Beyond the above very scary graphs that are rarely mentioned these days is the original statement by Bernanke in his June 19th press conference:
If the incoming data are broadly consistent with this forecast, the Committee currently anticipates that it would be appropriate to moderate the monthly pace of purchases later this year. And if the subsequent data remain broadly aligned with our current expectations for the economy, we would continue to reduce the pace of purchases in measured steps through the first half of next year, ending purchases around midyear. In this scenario, when asset purchases ultimately come to an end, the unemployment rate would likely be in the vicinity of 7 percent, with solid economic growth supporting further job gains.
Note, the Fed announced a 7% unemployment rate when quantitative easing ends, not when tapering begins. The July unemployment rate was 7.4% The official unemployment rate has dropped about 0.3 percentage points in the last six months. With the unemployment rate dropping due to people just no longer being counted, job growth is in the worst paying occupational sectors and are part-time ones to boot, one could easily achieve a 7% unemployment rate by December 2013.

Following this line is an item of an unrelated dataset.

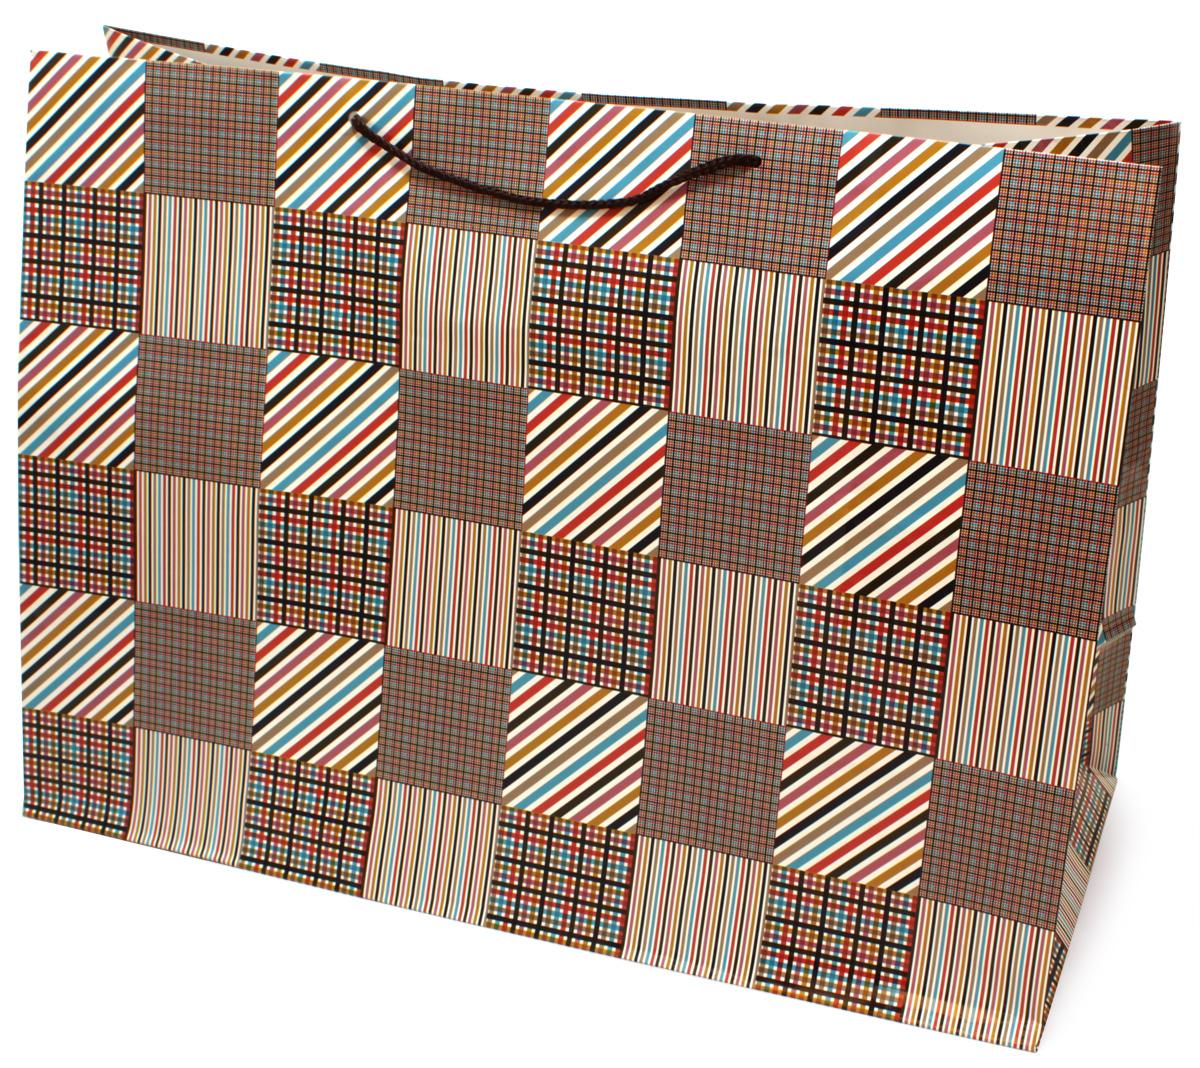 Пакет подарочный МегаМАГ Mix. Клетка, 56 х 41 х 24 см. 924/925 XXLH924/925 XXLHПодарочный пакет МегаМАГ, изготовленный из плотной ламинированной бумаги, станет незаменимым дополнением к выбранному подарку. Для удобной переноски на пакете имеются ручки-шнурки. Подарок, преподнесенный в оригинальной упаковке, всегда будет самым эффектным и запоминающимся. Окружите близких людей вниманием и заботой, вручив презент в нарядном, праздничном оформлении.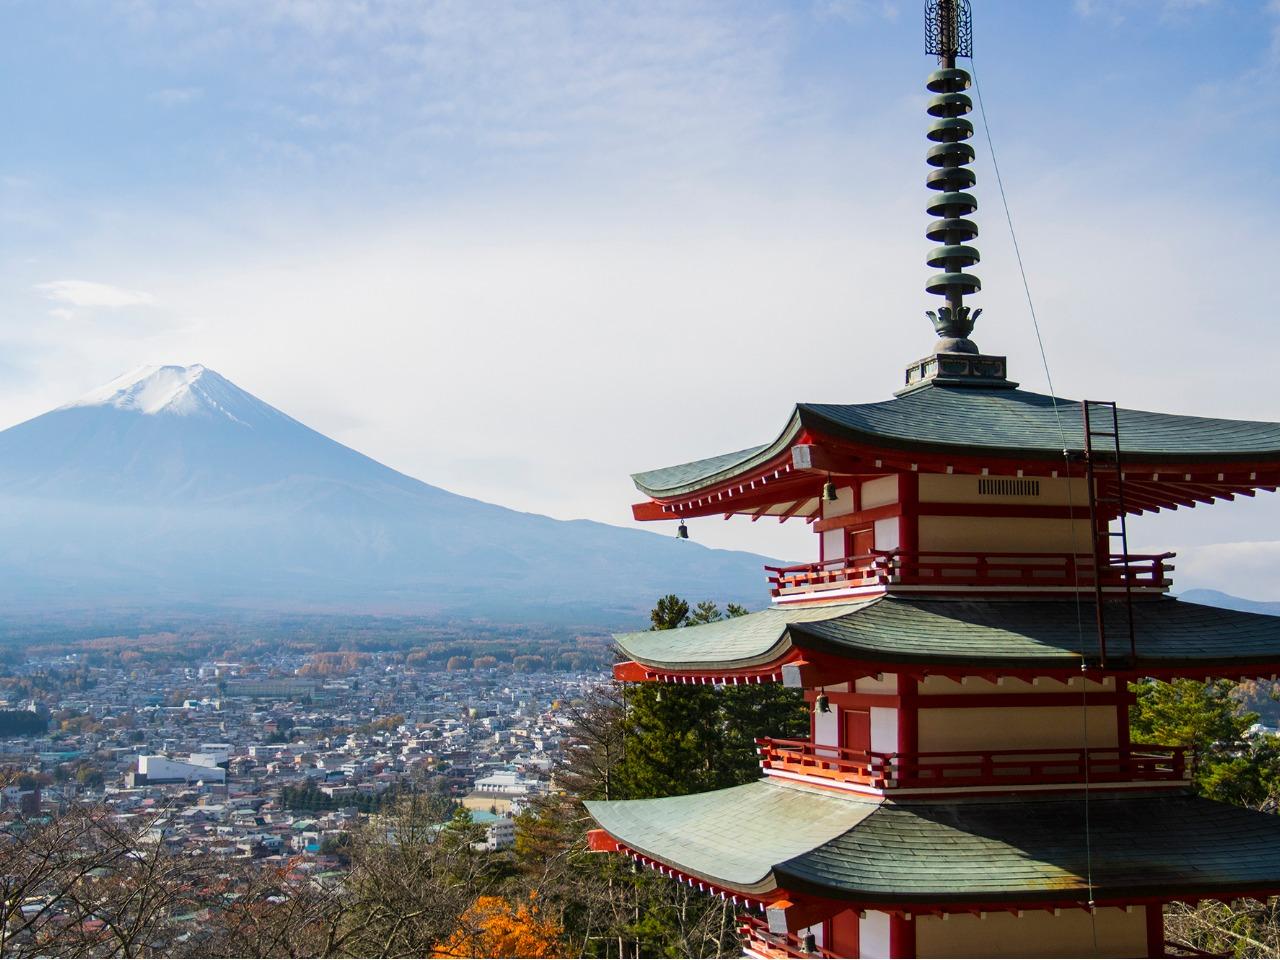 新倉山浅間公園の忠霊塔と富士山

A few participants expressed concern that a decision to lower the unemployment threshold could potentially lead the public to view the unemployment threshold as a policy variable that could not only be moved down but also up, thereby calling into question the credibility of the thresholds and undermining their effectiveness.
The element which really could slow the Fed's tapering decision is actually inflation, seemingly glossed over by most in the financial press Inflation is mentioned in the FOMC meeting minutes and we went into great depth in this article as to why inflation is the real key economic metric for the decision to taper. From the minutes, the FOMC is assuming inflation will be close to their target rate, yet the minutes mentioned again too low inflation is the most serious of all economic risks:
The most salient risk for the inflation outlook was that the recent softness in inflation would not abate as anticipated.
So, those guessing when quantitative easing will end should be watching those inflation statistics much more closely than the unemployment rate.
Another element mentioned by the FOMC is the sequester. In spite of what one hears on various talk radio and cable TV channels, the budget cuts did negatively impact economic growth. From the minutes.
Private domestic final demand continued to increase in the face of tighter federal fiscal policy this year, but several participants pointed to evidence suggesting that fiscal policy had restrained spending in the first half of the year more than they previously thought. Perhaps partly for that reason, a number of participants indicated that growth in economic activity during the first half of this year was somewhat below their earlier expectations.
Bottom line, the continuing of Wall Street's crack cocaine quantitative easing can in part be blamed on Congress. They cut spending at a time when the never ending sputtering economy and job market sure didn't need it. That said, eventually this will have to end and the sooner vs. later timing is more a trader's game vs. a concern of all those Americans still without work.